According to Microsoft’s webpage — “Developers are presented with explanations and factors used in making the specific prediction.”

Using machine learning onto historical data allows the AI-based tool — Code Defect AI – to identify the areas of the source code that are potentially bugged. The tool further suggests a set of tests in order to diagnose and fix the anomalies, which in turn will result in higher-quality software and faster development times.



According to Microsoft, bugs are a fact of life in software development. Bugs need to be identified and rectified at the earliest, as more time it takes to defect a flaw in the development lifecycle, the higher the cost becomes of fixing the bug. Traditionally, this bug-deployment-analysis-fix process is time-consuming and costly, and therefore required a tool that can speed up the process. Alongside, if a defect is found after deployment, it impacts the customers profoundly, and then developers end up spending more time to fix the bug. 
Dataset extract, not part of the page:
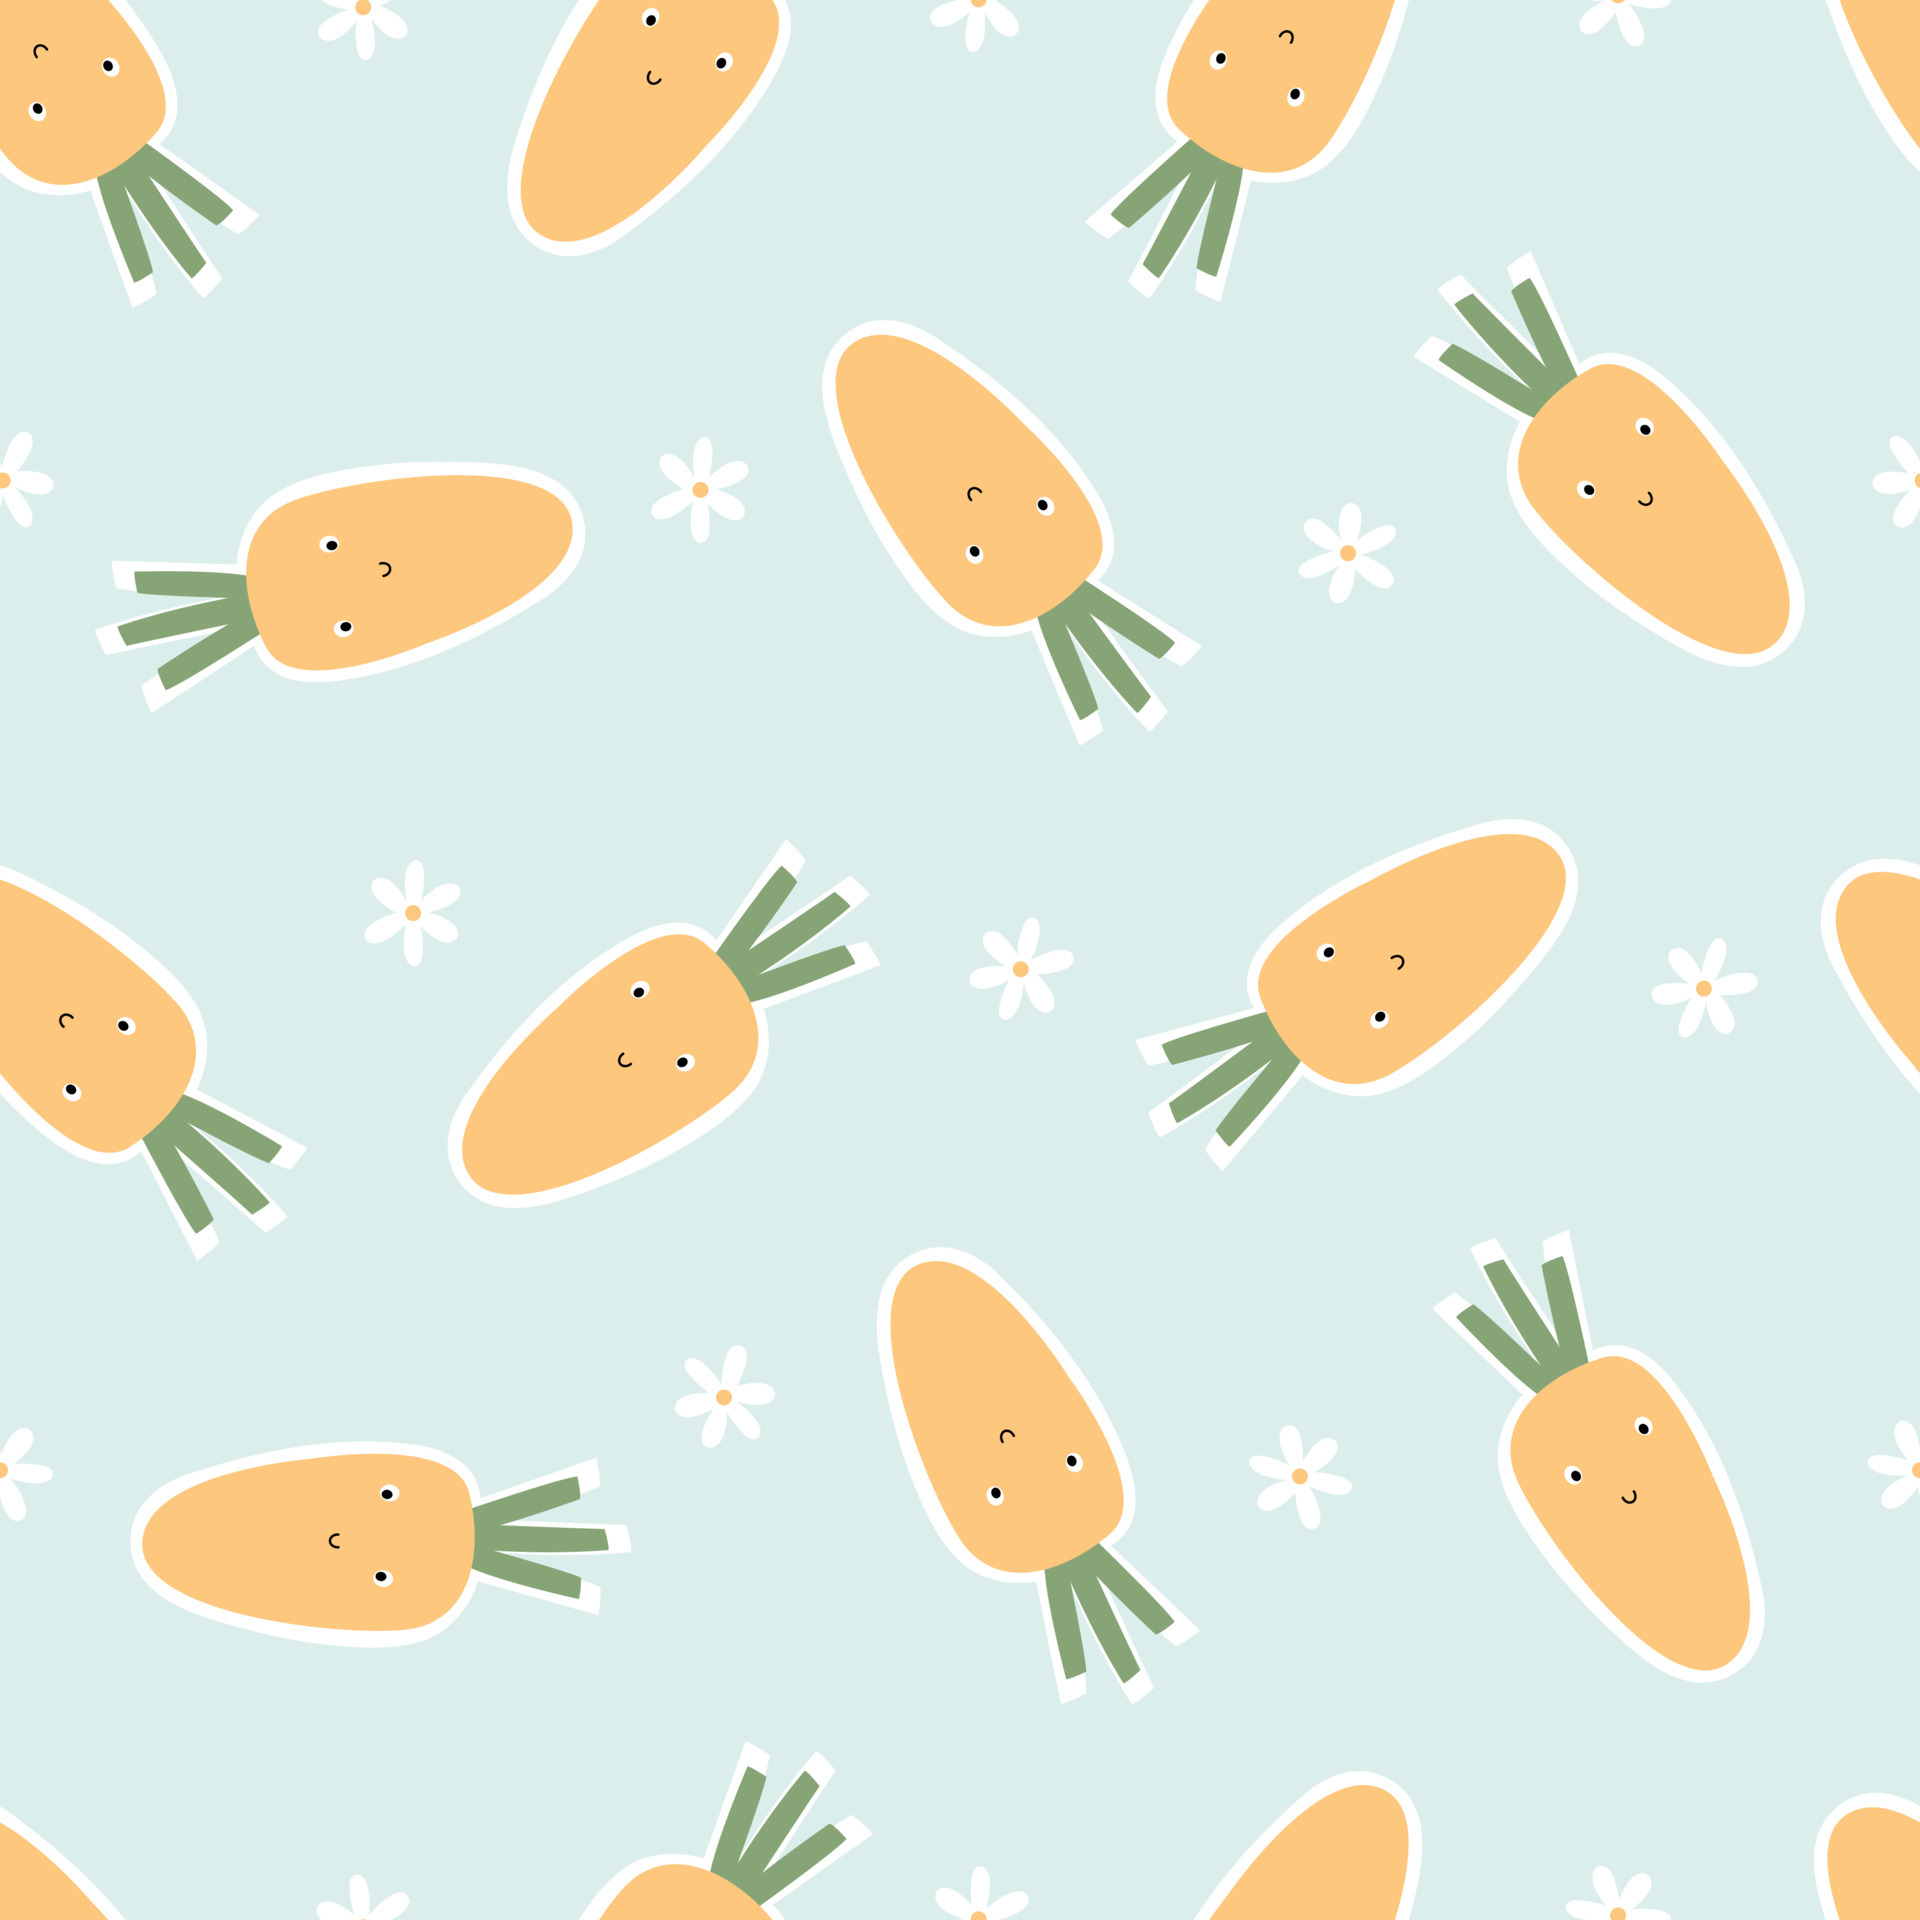 Download Carrot Background Wallpaper RoyaltyFree Stock Illustration Image   Pixabay

The new AI-based tool — Code Defect AI, on the other hand, allows the earlier discovery of defects and anomalies, which in turn minimises the cost of fixing them and speeding the development cycle.

According to Walid Negm, Group Chief Innovation Officer at Altran, software developers are always working under continuous pressure to release code fast without compromising on quality. However, the reality is that the development process of software requires more than the automation of assembly and delivery activities. It requires heavily working on algorithms that can help make strategic judgments ‒ especially as code gets more complicated. Code Defect AI does precisely that.”

Code Defect AI relies on various machine learning techniques, which includes random decision forests, support vector machines, multilayer perceptron, and logistic regression. For the tool, the historical data is extracted and then pre-processed and labelled in order to train the algorithm and develop a reliable decision model. With this tool, the developers can quickly predict whether the source code is compliant and has the potential of containing bugs.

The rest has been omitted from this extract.